Als „Deutsche Einheit“ wird historisch seit dem frühen 19. Jahrhundert das Bestreben bezeichnet, die deutschen Länder in einem Staat zusammenzuführen. Das Einheitsmotiv findet sich auch in der deutschen Nationalhymne als „Einigkeit“ wieder.
Vor 1871 wurde in den deutschen Einzelstaaten und Regionen hauptsächlich der verschiedenen Krönungstage gedacht. Nach der Vereinigung Deutschlands – der Reichseinigung 1870 (Kaiserbrief) und der Reichsgründung zum Kaiserreich 1871, wurde ebenfalls noch kein allgemeiner Nationalfeiertag festgelegt. Allerdings wurde jährlich der Sedantag am 2. September gefeiert, an dem die französische Hauptarmee 1870 im Deutsch-Französischen Krieg kapituliert hatte. Kaiser Wilhelm I. bewilligte ihn jedoch nie als offiziellen Feiertag.
Nach der Reichsgründung 1871 erhoben sich Forderungen nach einem nationalen Gedenktag, doch kam es zwischen drei Vorschlägen zu keiner Entscheidung. Bis 1873 setzte sich der Sedantag allmählich gegen den 18. Januar 1871 (Kaiserproklamation) oder den Tag des Frankfurter Friedensschlusses (10. Mai 1871) durch. Der Sedantag wurde bald auch an den Universitäten gefeiert, und in vielen deutschen Orten wurde Anfang September das Kriegerdenkmal eingeweiht. Dennoch kam ihm nie die Bedeutung etwa der „Kaiserparade“ oder des Kaisergeburtstages zu. Einige Kultusministerien der Länder, so das preußische, entschieden daher, den Sedantag als offiziellen Festtag an Schulen zu begehen. Den meist genannten Vorschlag, das Datum der Kaiserproklamation am 18. Januar als Gedenktag zu verordnen, hatte Wilhelm I. abgelehnt: Der Jahrestag der ersten preußischen Königskrönung (18. Januar 1701) sollte nicht in den Schatten eines gesamtdeutschen Feiertages geraten.

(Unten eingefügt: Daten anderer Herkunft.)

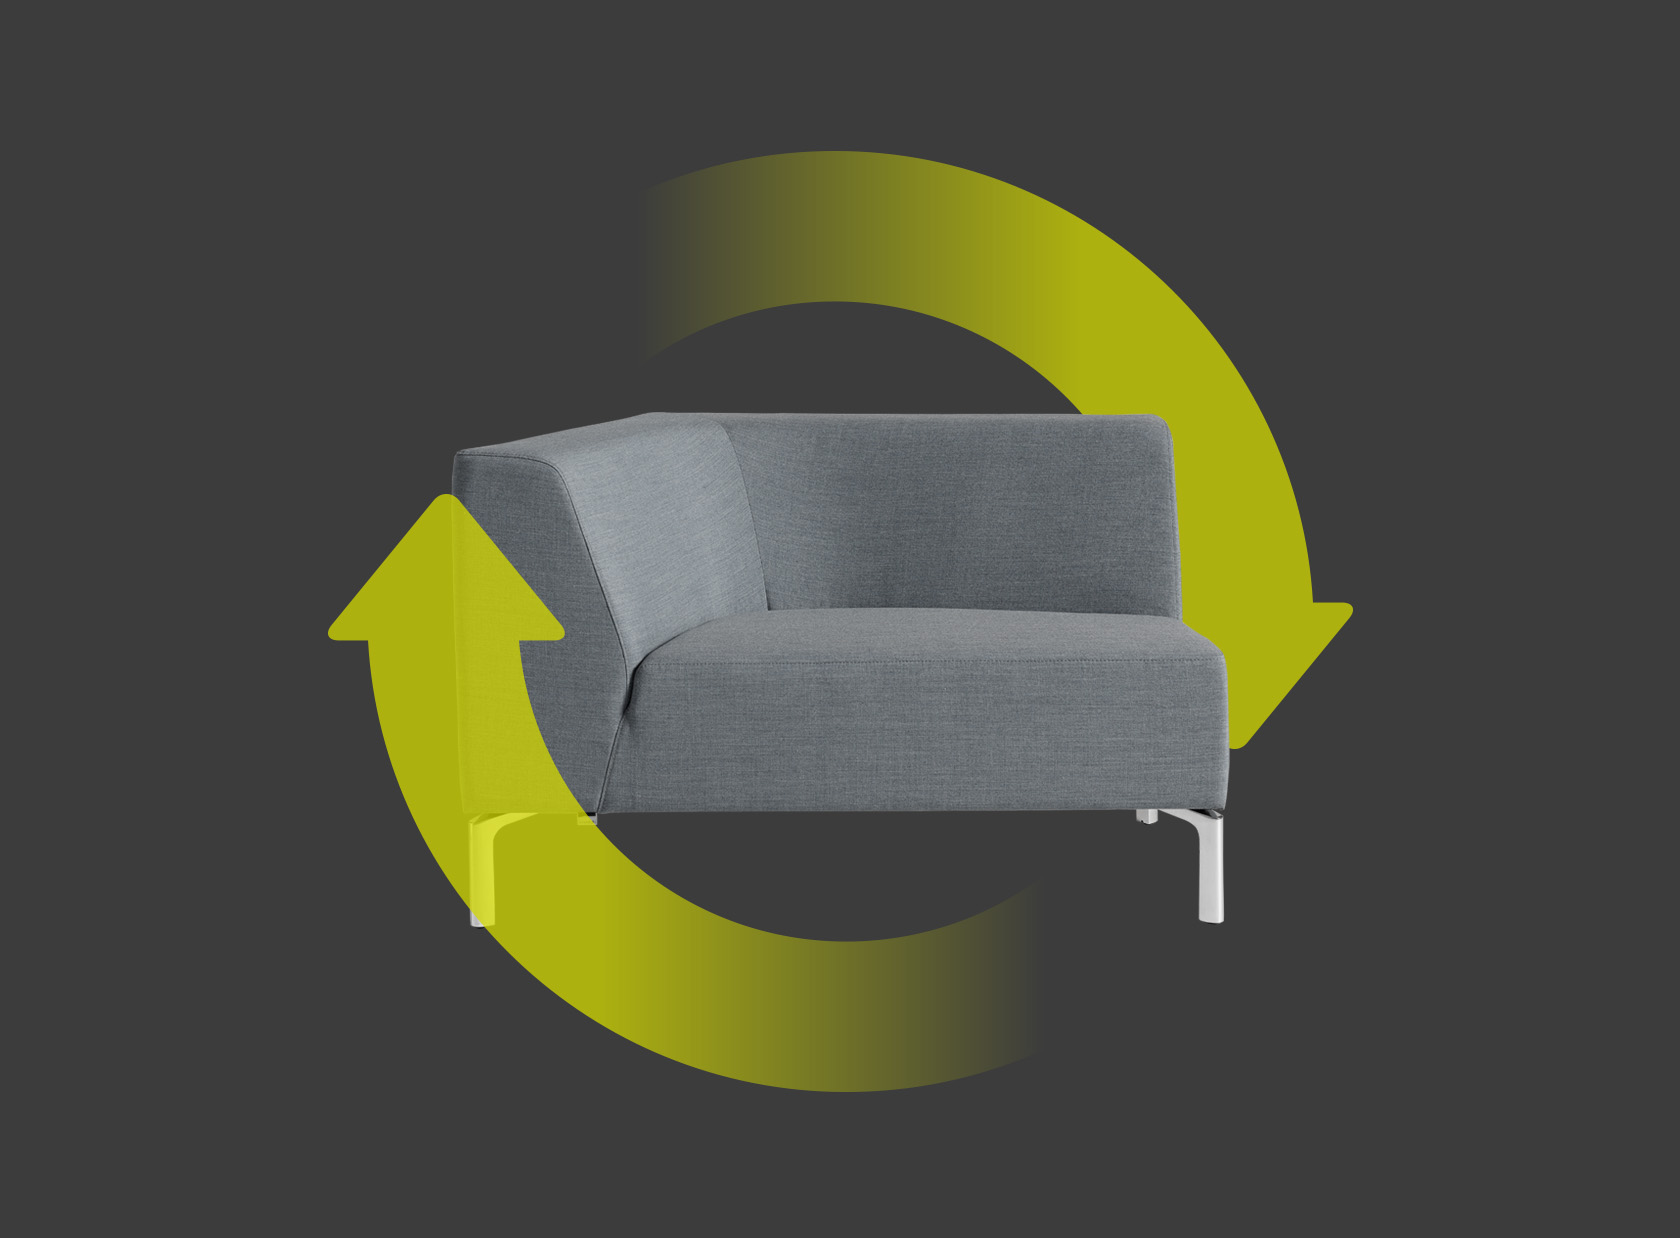 Tangram-zitelement rechts in het grijs met twee groenen pijlen die een cirkel om het zitelement vormen. Deze geven de duurzaamheid en herbruikbaarheid van de stoel aan.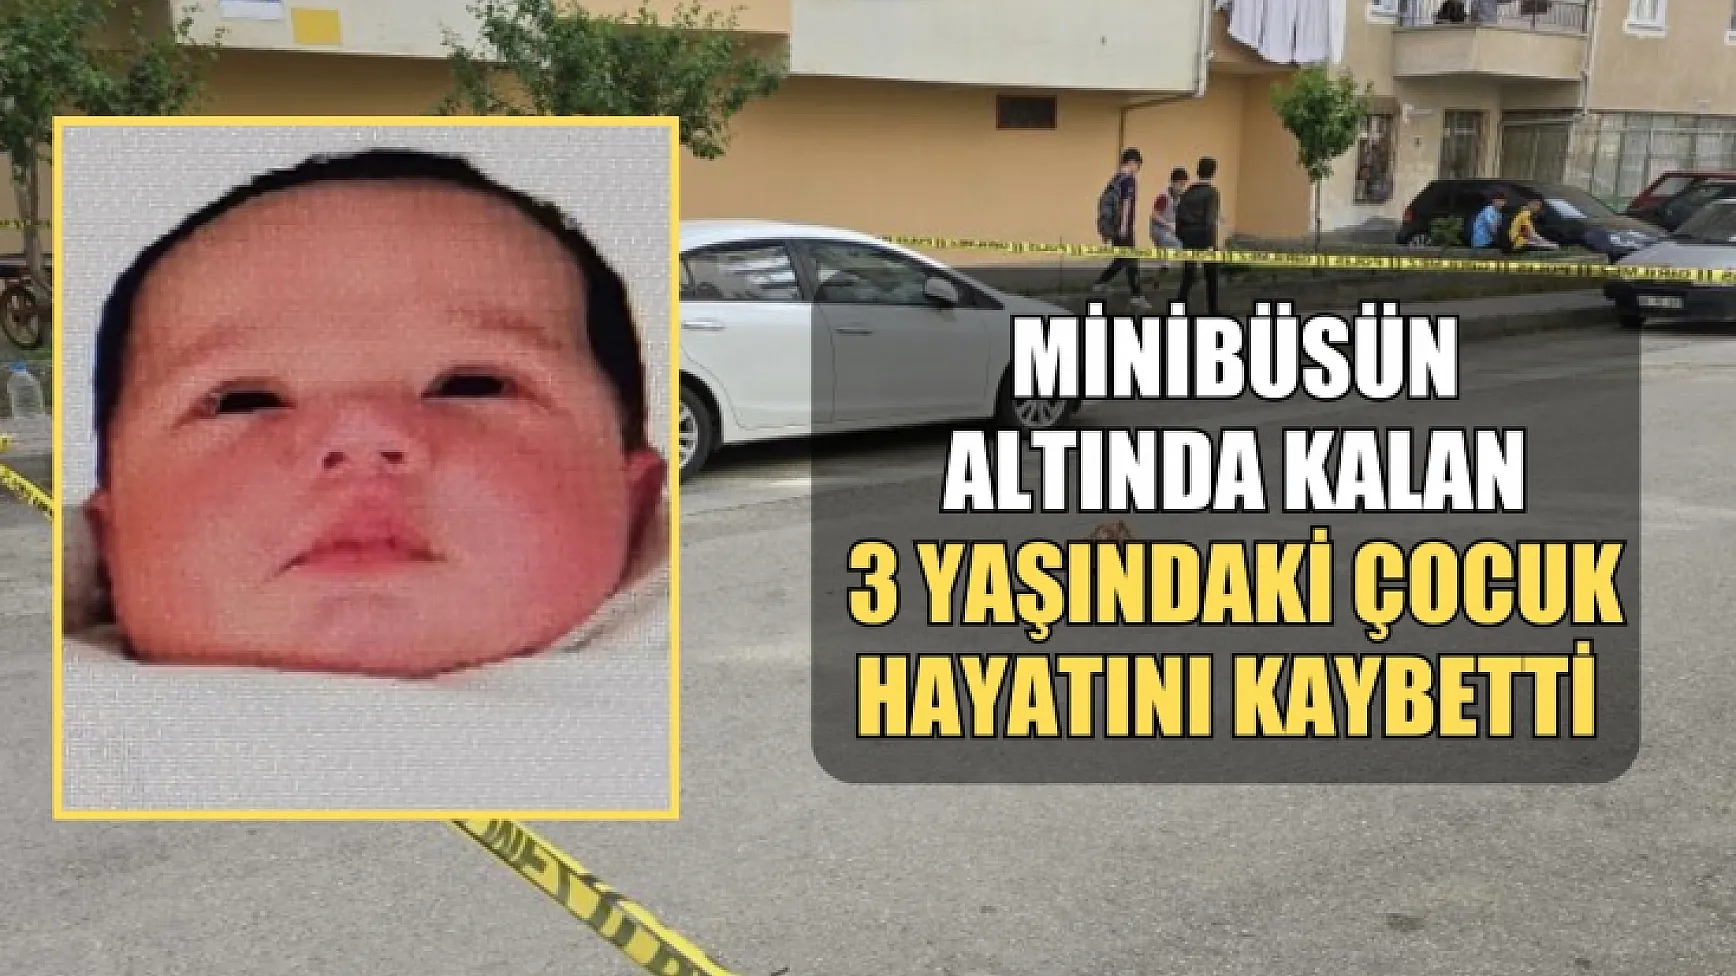 Minibüsün altında kalan 3 yaşındaki çocuk hayatını kaybetti

Manche Bedenken, die einem Überwiegen der militärischen Komponente galten, wurden geringer, als auch zivile Feiern zunahmen und ein religiöses Argument für den Sedantag ins Feld geführt wurde. Pastor Friedrich von Bodelschwingh schlug im Sommer 1871 auf der Jahresversammlung des Rheinisch-Westfälischen Provinzialausschusses für Innere Mission den Sedantag als Nationalfest mit der Begründung vor, dass „am 2. September (…) die Hand des lebendigen Gottes so sichtbar und kräftig in die Geschichte eingegriffen“ habe, „daß es dem Volke gerade bei diesem Gedenktage am leichtesten in Erinnerung zu bringen sein wird, wie Großes der Herr an uns getan hat“.[4] In der Folge wurden „typisch deutsche“ Feste und Umzüge konzipiert, die am Vorabend des 2. September mit Glockengeläut, Freudenfeuern und patriotischen Liedern begannen und mancherorts den Charakter von Friedensfesten hatten.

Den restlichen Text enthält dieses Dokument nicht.